_WORK ITEM_:
Take the lines from the beginning of the material through the line containing "Dutch child playing" and retype them exactly, leaving the pictures out.

─── THE DATA

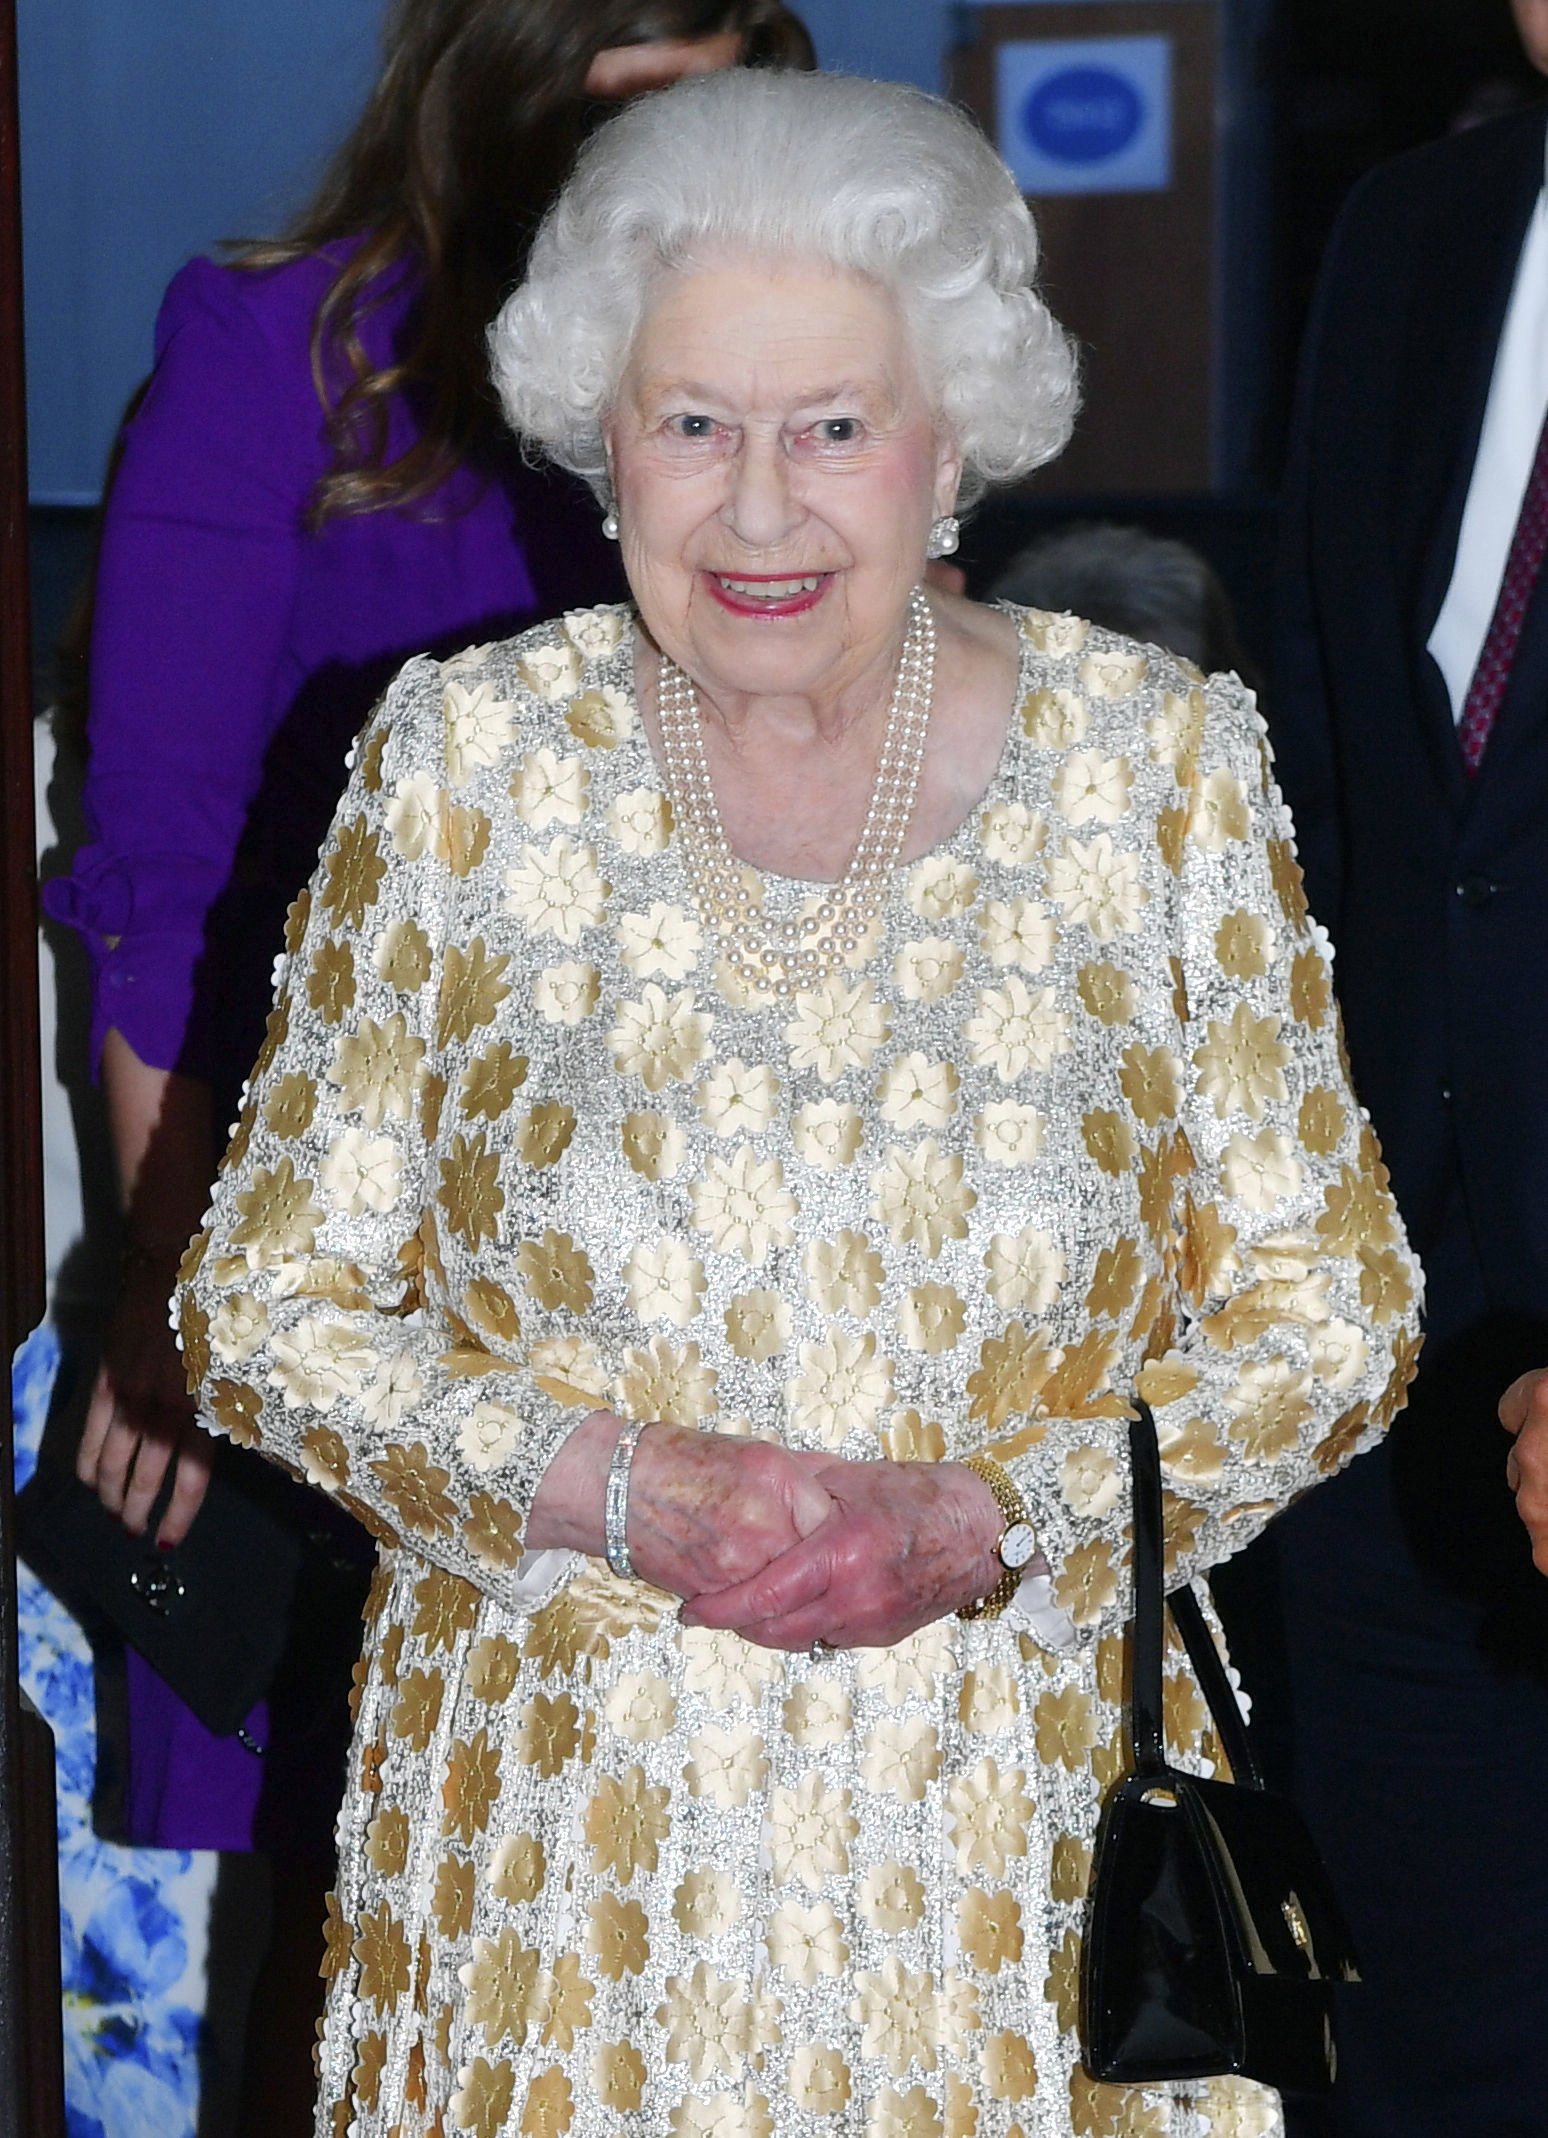 PHOTO: Britain's Queen Elizabeth II arrives at the Royal Albert Hall in London to attend a concert to celebrate her 92nd birthday, April 21, 2018.
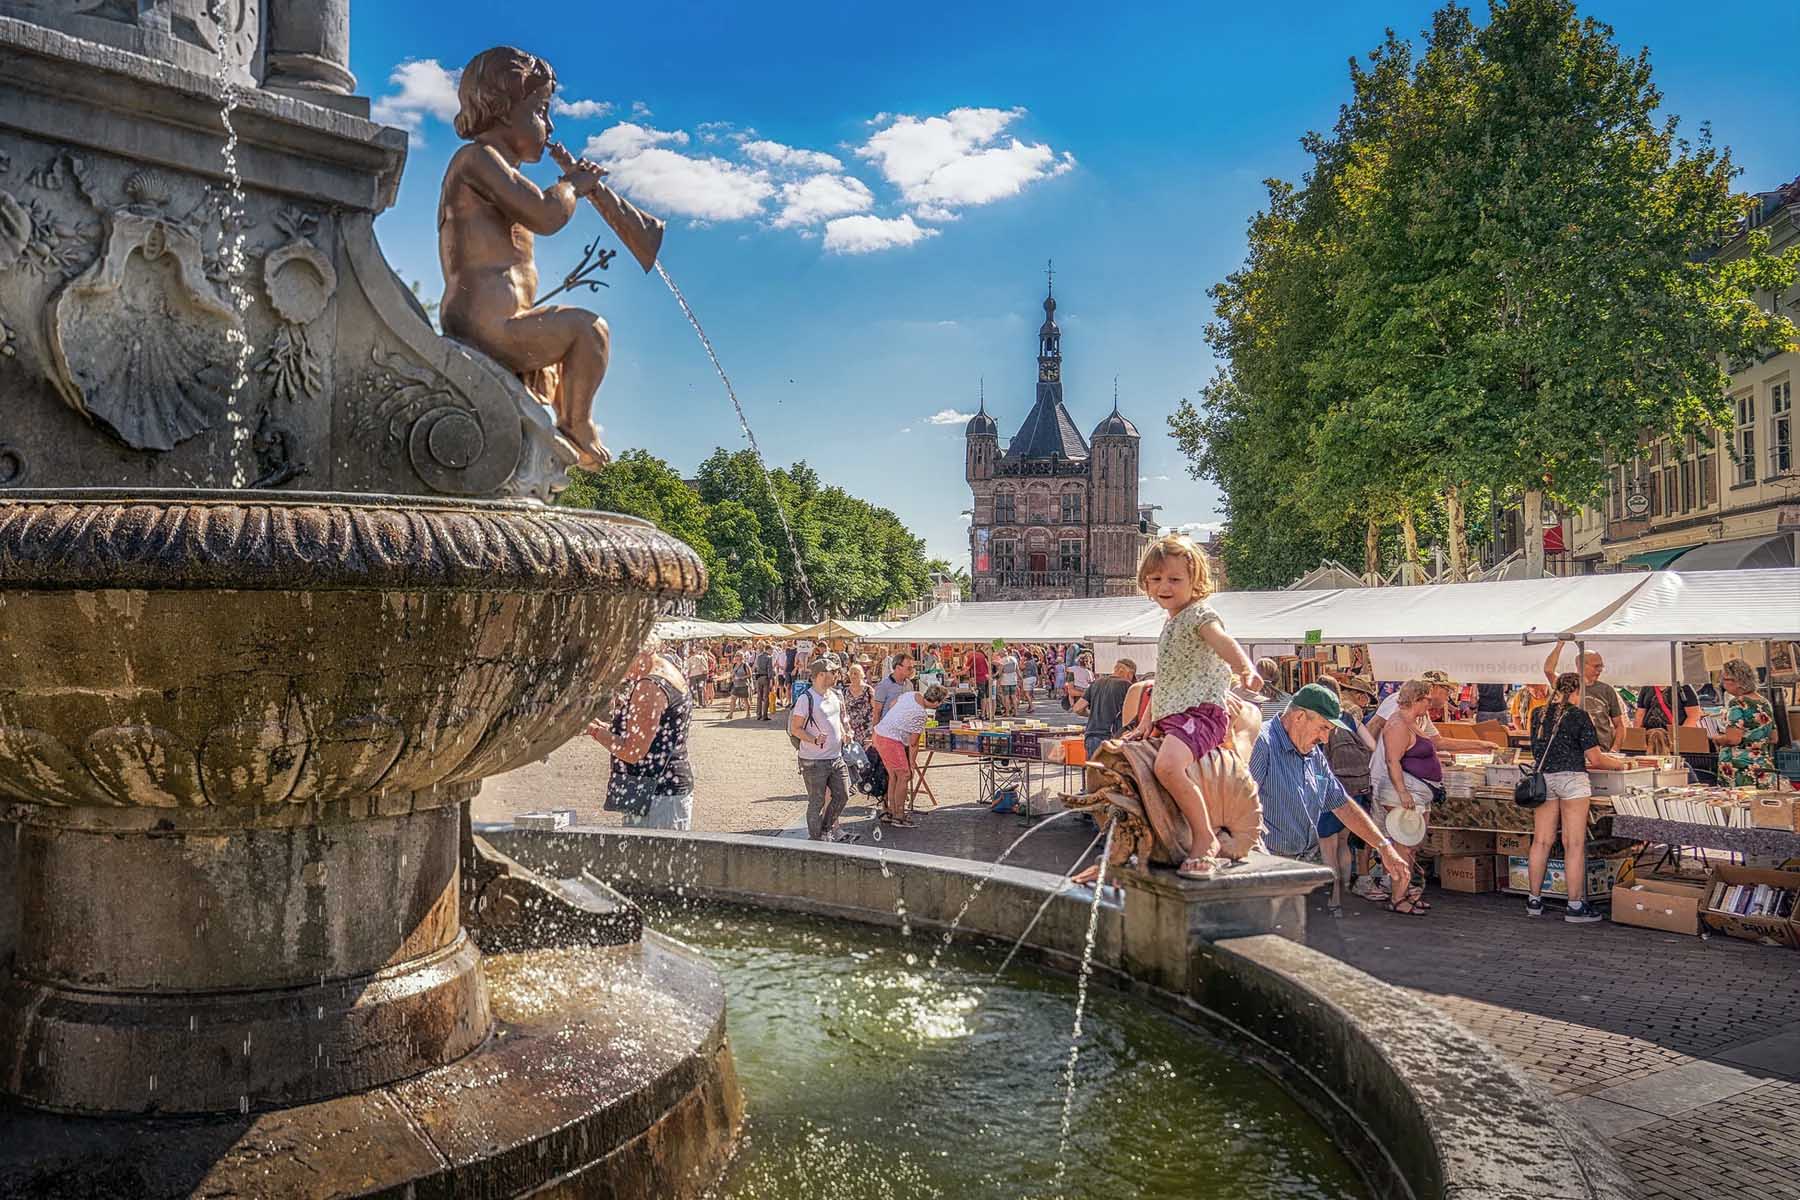 Dutch child playing in a fountain on the square in Deventer city center
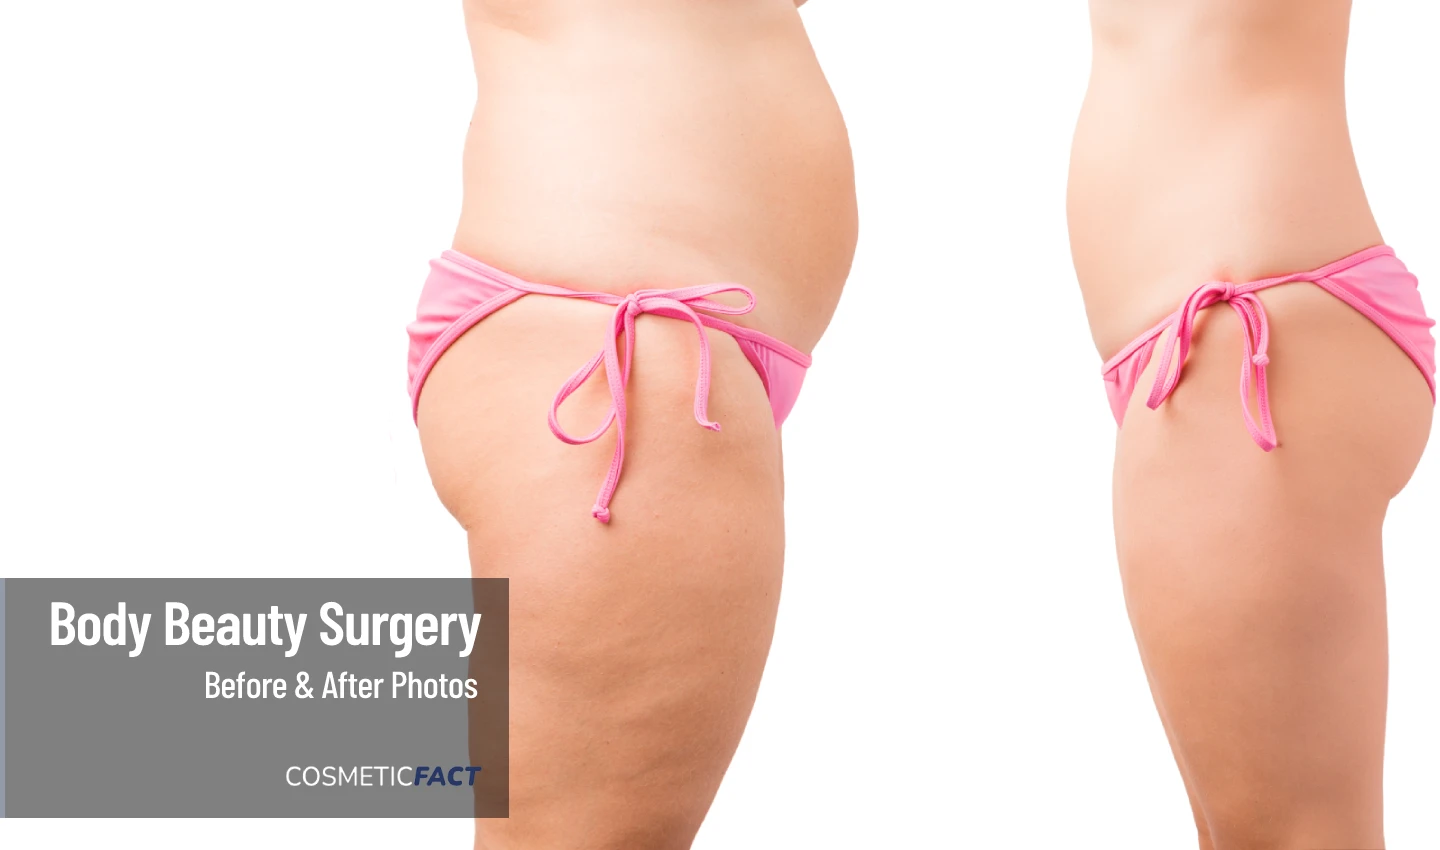 Before and After Photos of Liposuction Surgery on a Mature Woman - witness the stunning transformation with these Liposuction Surgery Photos showcasing the effects of removing excess fat to create a more sculpted and toned physique.
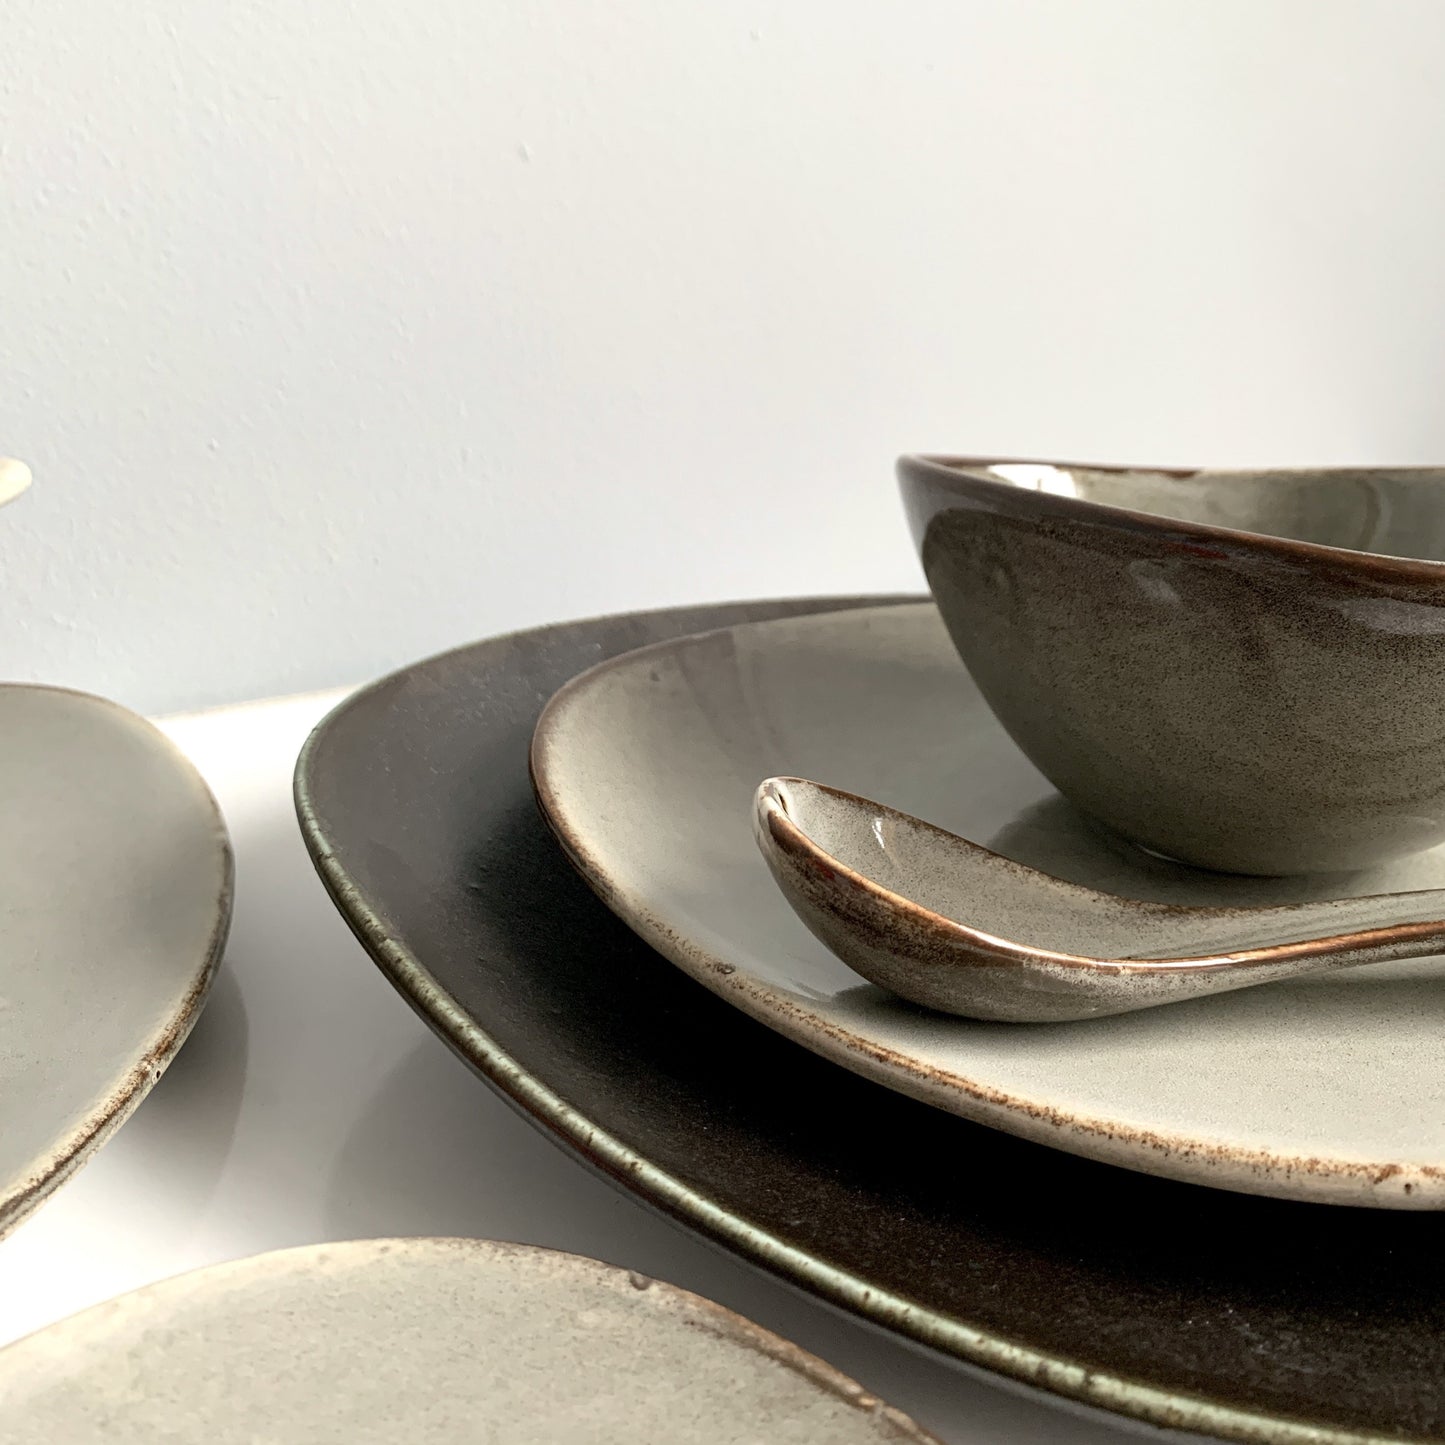 unique asymmetrical dinnerware set - serving and sharing plate set in grey and black

──────

_RESULT FOR THIS EXERCISE_:
 PHOTO: Britain's Queen Elizabeth II arrives at the Royal Albert Hall in London to attend a concert to celebrate her 92nd birthday, April 21, 2018.
 Dutch child playing in a fountain on the square in Deventer city center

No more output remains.